It may be helpful if I explain how we see the new provisions working and why they are devised as they are. First and most importantly, the new provisions will ensure that there are member-nominated trustees or directors in every scheme. Our most important priority is to get members on to boards. Beyond that, we are also mindful of concerns that the present legislation is too complex and difficult to operate. Equally, we have to consider the costs associated with forcing schemes to change their existing arrangements.

To satisfy the new requirements there will be two routes, which for convenience we have labelled the "trustee route" and the "employer route". Under the trustee route, trustees will implement nomination and selection procedures using a framework set out in regulations. They will have some flexibility; for example, they can divide the membership into constituencies and there will be scope to use selection panels and so on. All active, deferred and pensioner members will be free to stand for selection. All active and pensioner members, and such deferred members as the trustees decide to include, will have to be invited to make nominations. The statutory framework will ensure that members are treated fairly. Therefore, unlike the current provisions, there will be no need for consultation or member approval. As a result, the whole process will be simpler and cheaper, which we believe will be widely welcomed.
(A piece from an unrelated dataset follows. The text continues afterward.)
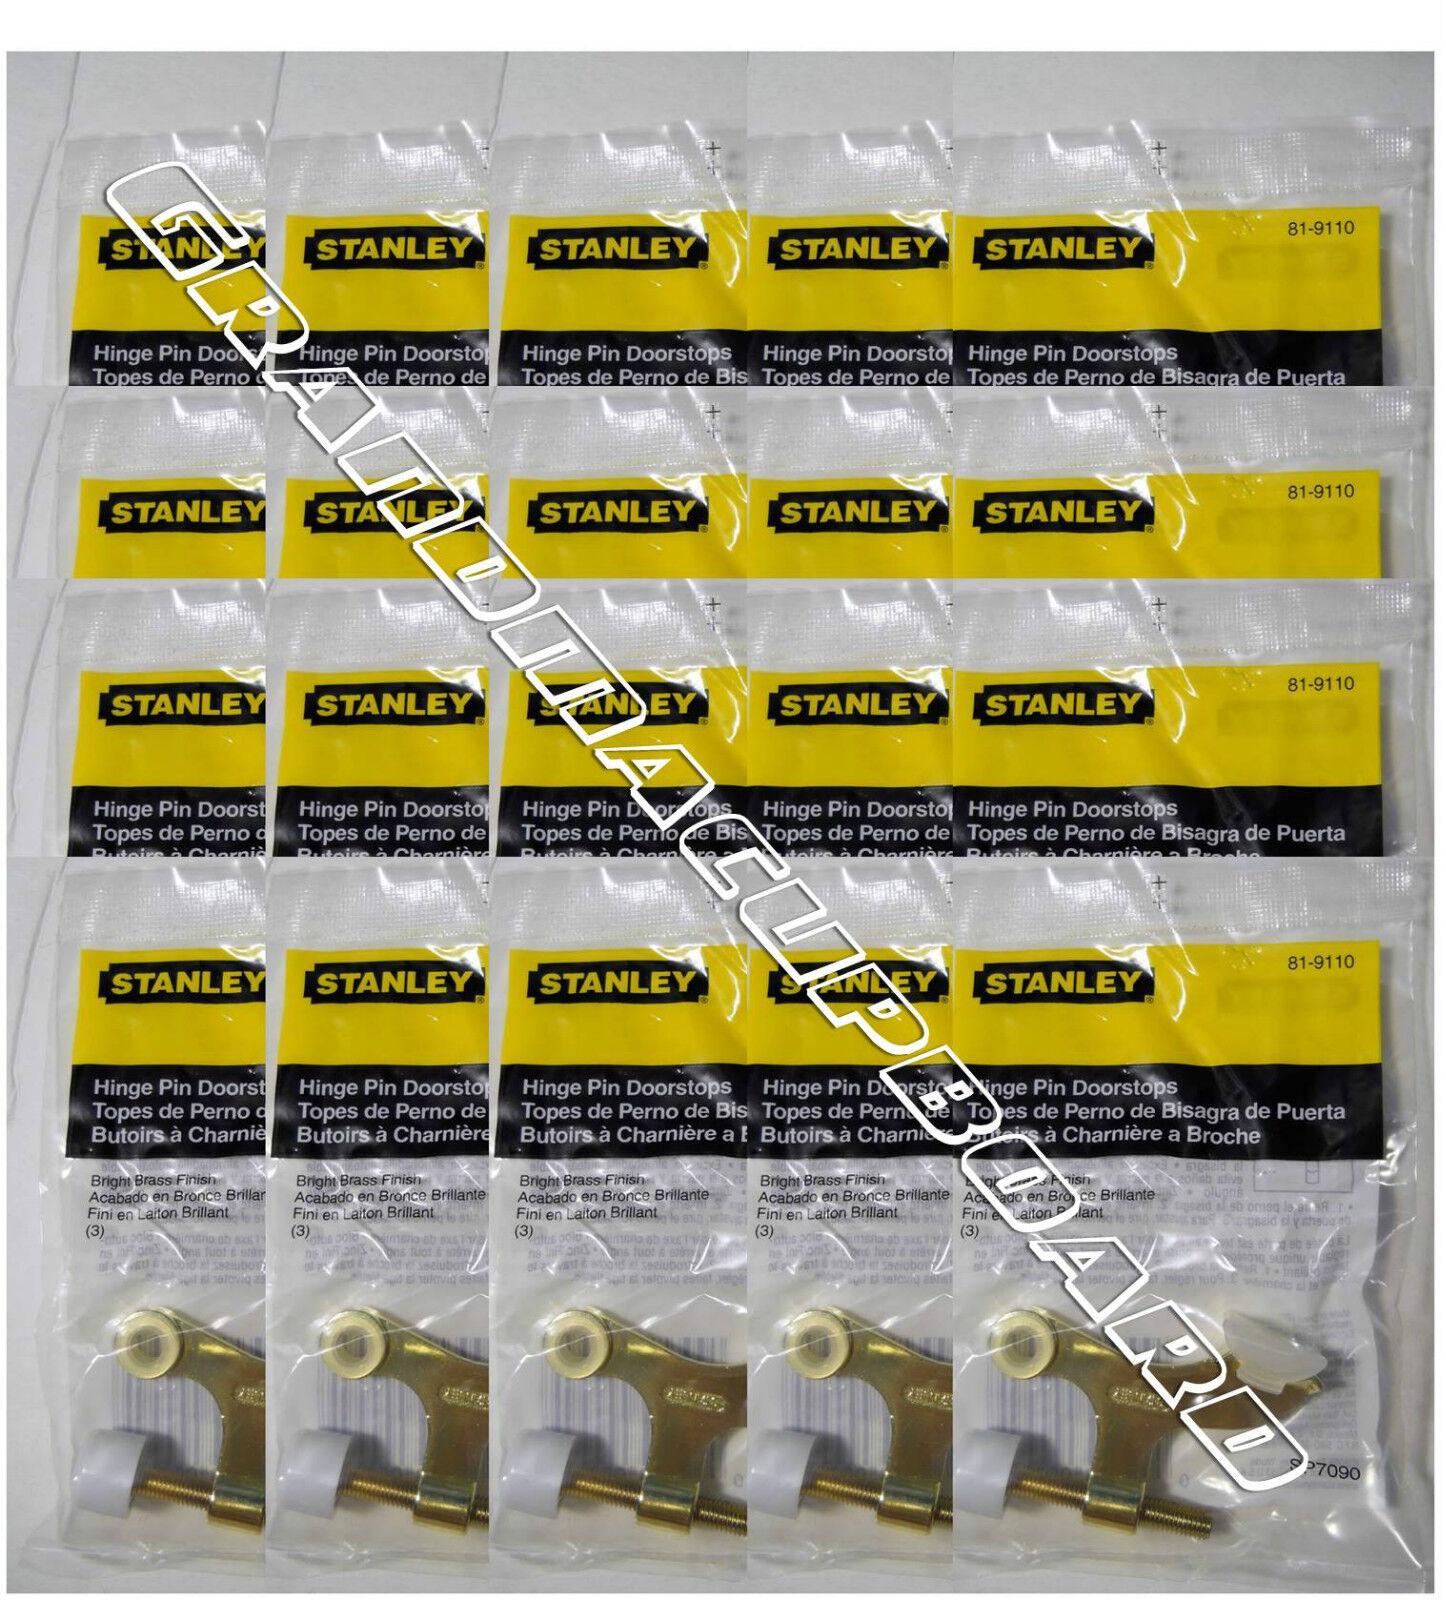 STANLEY HARDWARE Lot 5 Adjustable Brass Finish Hinge Pin Doorstop Model 81-9110

Giving schemes flexibility is important. That is why, under the employer route, employers will have the right to propose bespoke nomination and selection arrangements for their schemes. The proposal must provide for a minimum of one-third member-nominated trustees, but the provisions are more flexible and for that reason must be approved by the members. We do not want to disrupt existing arrangements, which is why for many schemes the employer route will be the only way to do this. There will be more scope for the employer to determine the selection arrangements under this route. But the final choice will be made from individuals who have been nominated by scheme members, and the proposal will be adopted only if the members agree. The employer will be required to consult scheme members under a statutory consultation procedure similar to that currently in force. However, we need to look carefully at the matter to see whether it can be improved in any way. Under the new provisions, employers will no longer be able to opt out altogether. Therefore, every scheme will have member trustees, whichever route is used. Our first priority is to get member trustees in every scheme.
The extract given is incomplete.